There are two preset classes: RandomData, which uses cumulative normally-distributed returns, and GBMData, which uses the Geometric Brownian Motion. Both generators are very basic but still very interesting to test the models against. One weakness of them is that real asset prices regularly make dramatic moves in response to new information. To account for this, we'll build a data generator based on the Lévy alpha-stable distribution!
>>> from vectorbtpro import * # (1)!
>>> from scipy.stats import levy_stable
>>> def geometric_levy_price(alpha, beta, drift, vol, shape): # (2)!
... _rvs = levy_stable.rvs(alpha, beta,loc=0, scale=1, size=shape)
... _rvs_sum = np.cumsum(_rvs, axis=0)
... return np.exp(vol * _rvs_sum + (drift - 0.5 * vol ** 2))
>>> class LevyData(vbt.SyntheticData): # (3)!
...
... _settings_path = dict(custom="data.custom.levy") # (4)!
...
... @classmethod
... def generate_key(
... cls,
... key,
... index,
... columns,
... start_value=None, # (5)!
... alpha=None,
... beta=None,
... drift=None,
... vol=None,
... seed=None,
... **kwargs
... ):
... start_value = cls.resolve_custom_setting(start_value, "start_value") # (6)!
... alpha = cls.resolve_custom_setting(alpha, "alpha")
... beta = cls.resolve_custom_setting(beta, "beta")
... drift = cls.resolve_custom_setting(drift, "drift")
... vol = cls.resolve_custom_setting(vol, "vol")
... seed = cls.resolve_custom_setting(seed, "seed")
... if seed is not None:
... np.random.seed(seed)
...
... shape = (len(index), len(columns))
... out = geometric_levy_price(alpha, beta, drift, vol, shape)
... out = start_value * out
... return pd.DataFrame(out, index=index, columns=columns)
>>> LevyData.set_custom_settings( # (7)!
... populate_=True,
... start_value=100.,
... alpha=1.68,
... beta=0.01,
... drift=0.0,
... vol=0.01,
... seed=None
... )
- Imports
np,pd,njit, andvbt - Generation function, see Asset price mimicry
- Subclass SyntheticData
- Specify the path to global settings for this class and assign it a new identifier "custom". There's one more identifier already registered for us: "base", which points to general settings.
- Set most arguments to None to pull their default value from the global settings.
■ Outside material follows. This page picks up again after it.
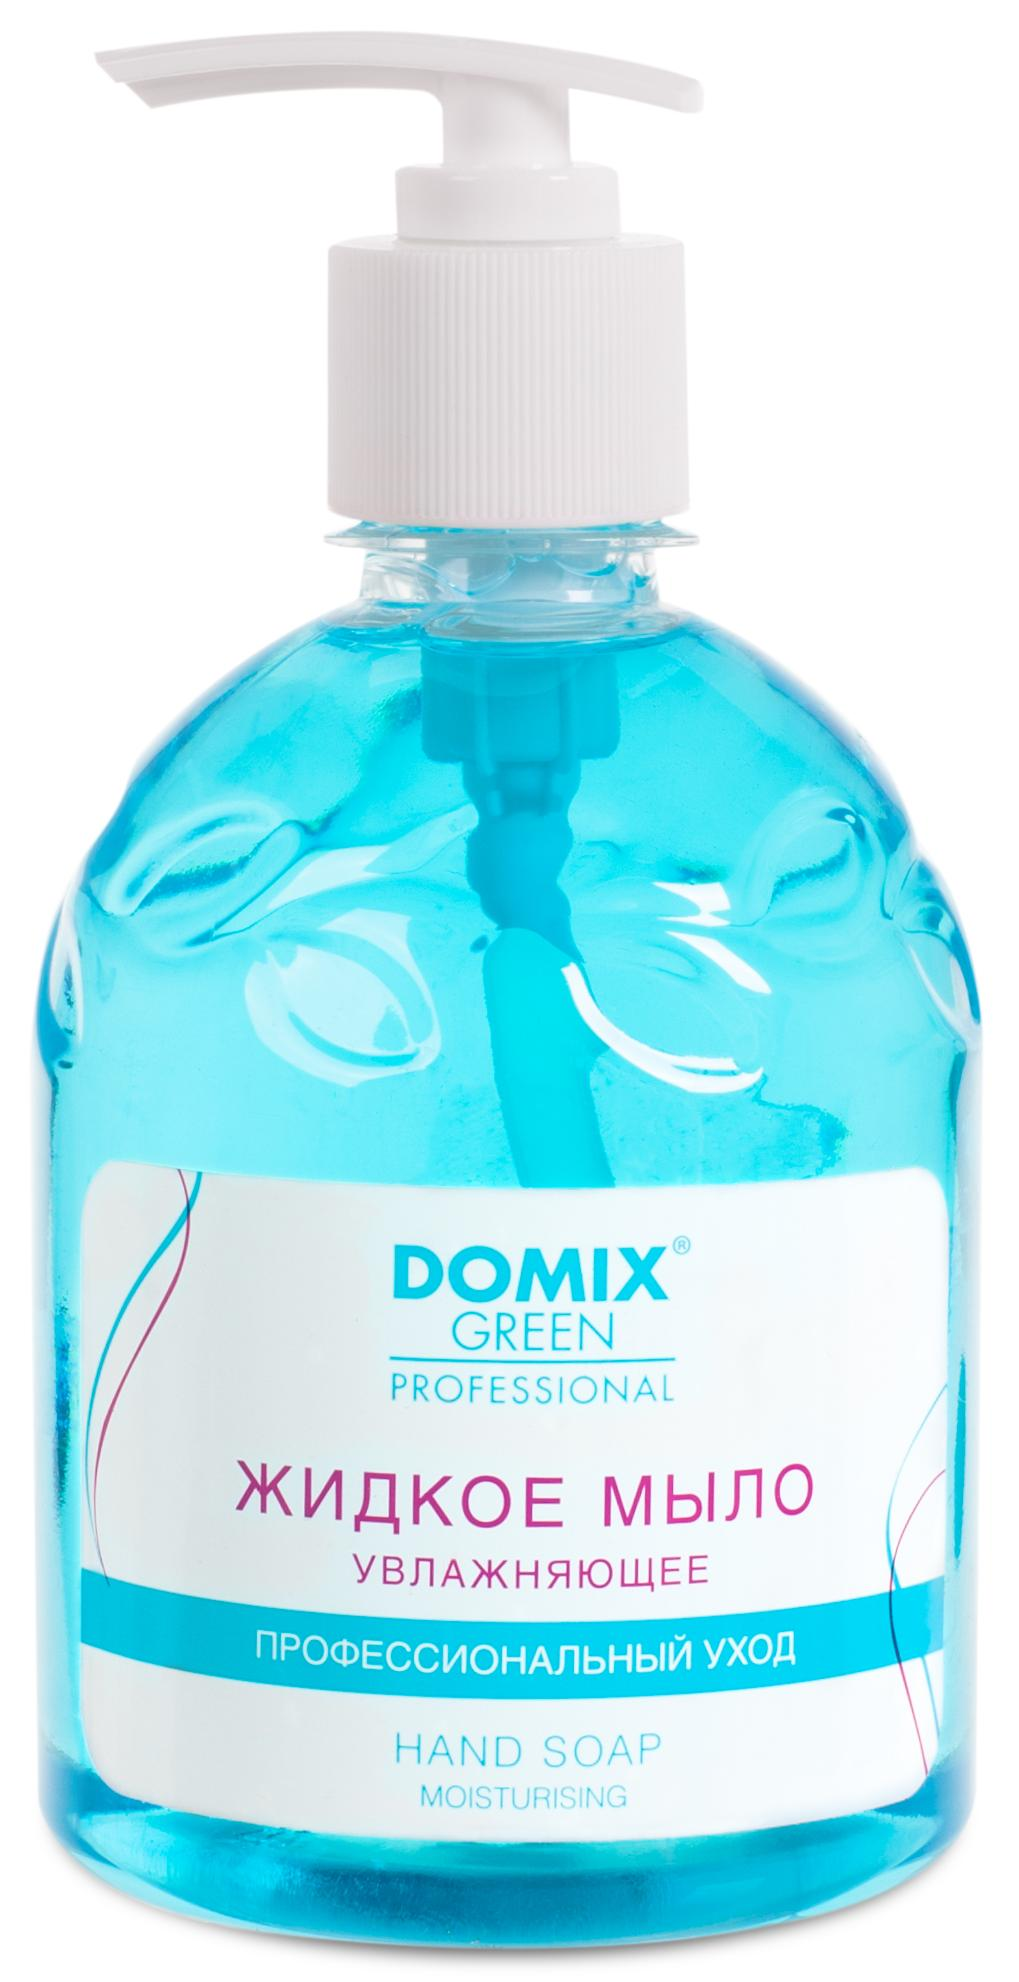 DOMIX Мыло жидкое увлажняющее для профессионального ухода / DGP 500 мл domix мыло жидкое смягчающее для профессионального ухода dgp 500 мл
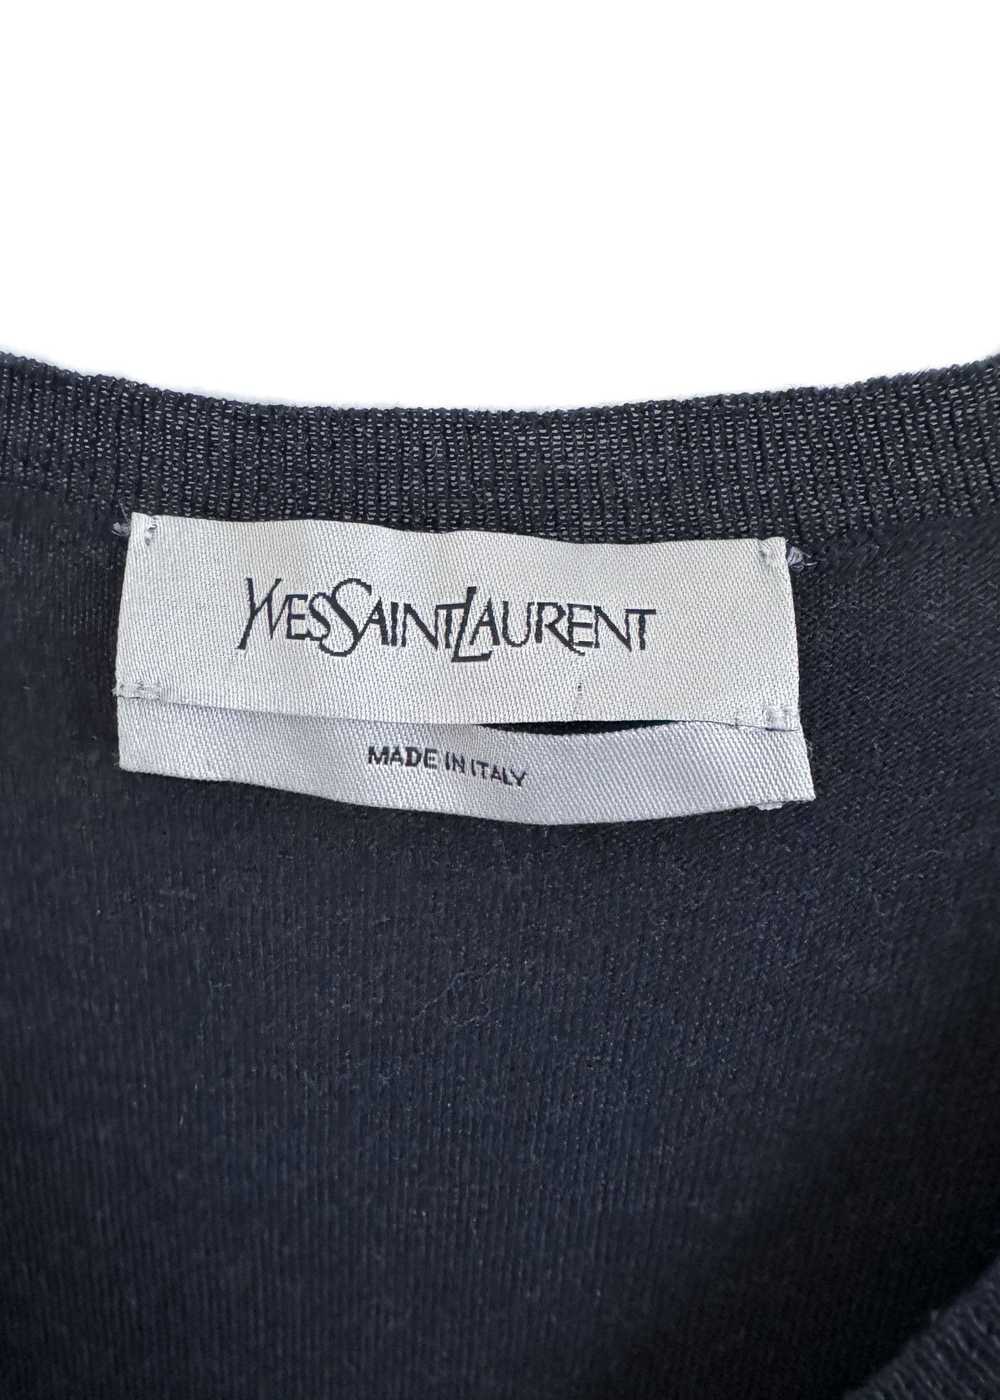 Yves Saint Laurent Yves Saint Laurent Navy Wool V… - image 7

You can also hard-code the values here if you've decided to not use global settings.
- Access the global settings and if the argument value is None, then replace None with the default value
- Populate the global settings for this class
Let's try it out by generating and plotting the close price of several symbols of data:
>>> levy_data = LevyData.pull(
... "Close",
... keys_are_features=True,
... columns=pd.Index(["BTC/USD", "ETH/USD", "XRP/USD"], name="symbol"),
... start="2020-01-01 UTC",
... end="2021-01-01 UTC",
... seed=42)
>>> levy_data.get()
symbol BTC/USD ETH/USD XRP/USD
2020-01-01 00:00:00+00:00 99.218626 101.893255 100.371131
2020-01-02 00:00:00+00:00 100.062835 99.537102 97.857226
2020-01-03 00:00:00+00:00 95.321467 100.474547 98.246993
2020-01-04 00:00:00+00:00 96.493680 96.455981 99.797874
2020-01-05 00:00:00+00:00 98.489931 95.658733 98.892301
... ... ... ...
2020-12-27 00:00:00+00:00 189.477849 91.730109 55.055316
2020-12-28 00:00:00+00:00 190.620767 89.452822 59.555616
2020-12-29 00:00:00+00:00 187.641089 92.164802 60.034154
2020-12-30 00:00:00+00:00 188.287168 92.245270 59.188719
2020-12-31 00:00:00+00:00 185.500114 91.701142 58.443060
[366 rows x 3 columns]
>>> levy_data.get().vbt.plot().show()
Well done! We've built our own data mimicker that simulates sudden large changes in price.